This may seem like an odd change, but it simplifies the logic a lot. I kept having problems with passes not operating on externals (e.g. functions-to-procs, adding array sizes, constant folding in array dimensions) and adding a special case every time to also process the externals was getting silly.
Putting the externals in the AST therefore made sense, but I didn't want to just add dummy bodies as this would cause them to throw up errors (e.g. in the type-checking for functions). So I turned the bodies into a Maybe type, and that has worked out well.
I also stopped storing the formals in csExternals (since they are now in csNames, and the tree), which streamlined that nicely, and stopped me having to keep them up to date.

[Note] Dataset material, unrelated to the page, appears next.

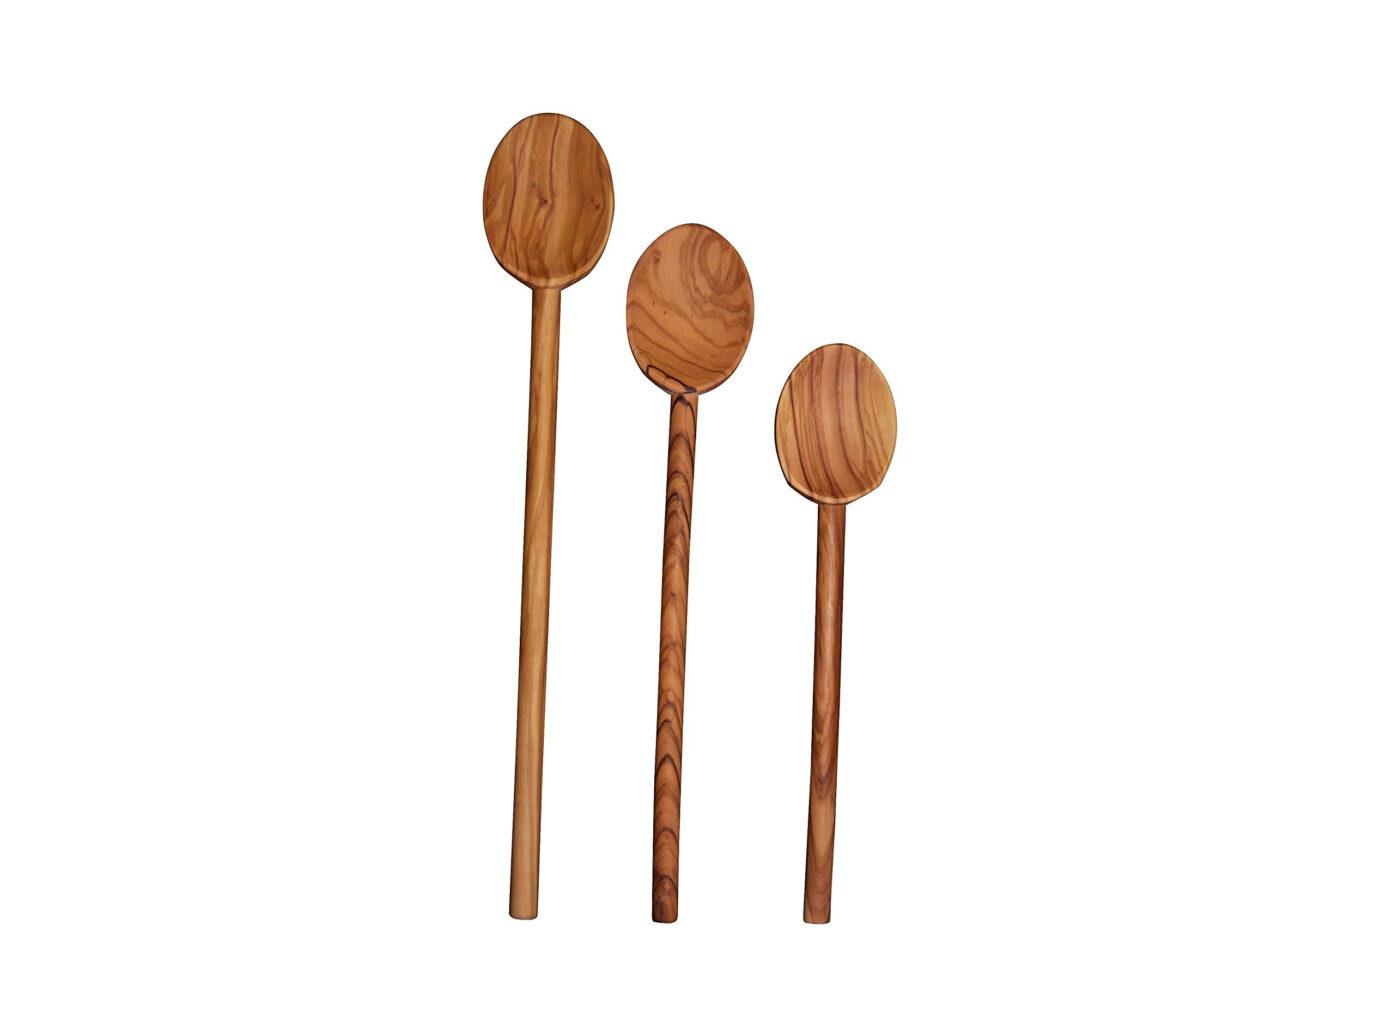 Scanwood Olive Wood Cooking Spoon Set

I changed a little bit of the code, but mainly the tests. Several of the remaining failures are actually real failures, so I need to dig through the rest carefully. A lot are failing because the C++ backend is broken.
The problem was that the free name could involved in an array dimension (and hence a type) of something in the PROC. When the name was then replaced in the type, CompState was not updated to have the new type, and instead kept the old type (potentially) all the way through to the backend, where it might be used for checking the bounds of an array index (against the old name taken from CompState, not the replaced name).
When we pull up names (which happens before abbreviation checking), we create a lot of nonces with greater scope than the original variables. When we go to abbreviation check this, we therefore set off lots of false alarms about originally safe code. So to fix this, the easiest method seems to be turning off checking on all the names introduced by the compiler.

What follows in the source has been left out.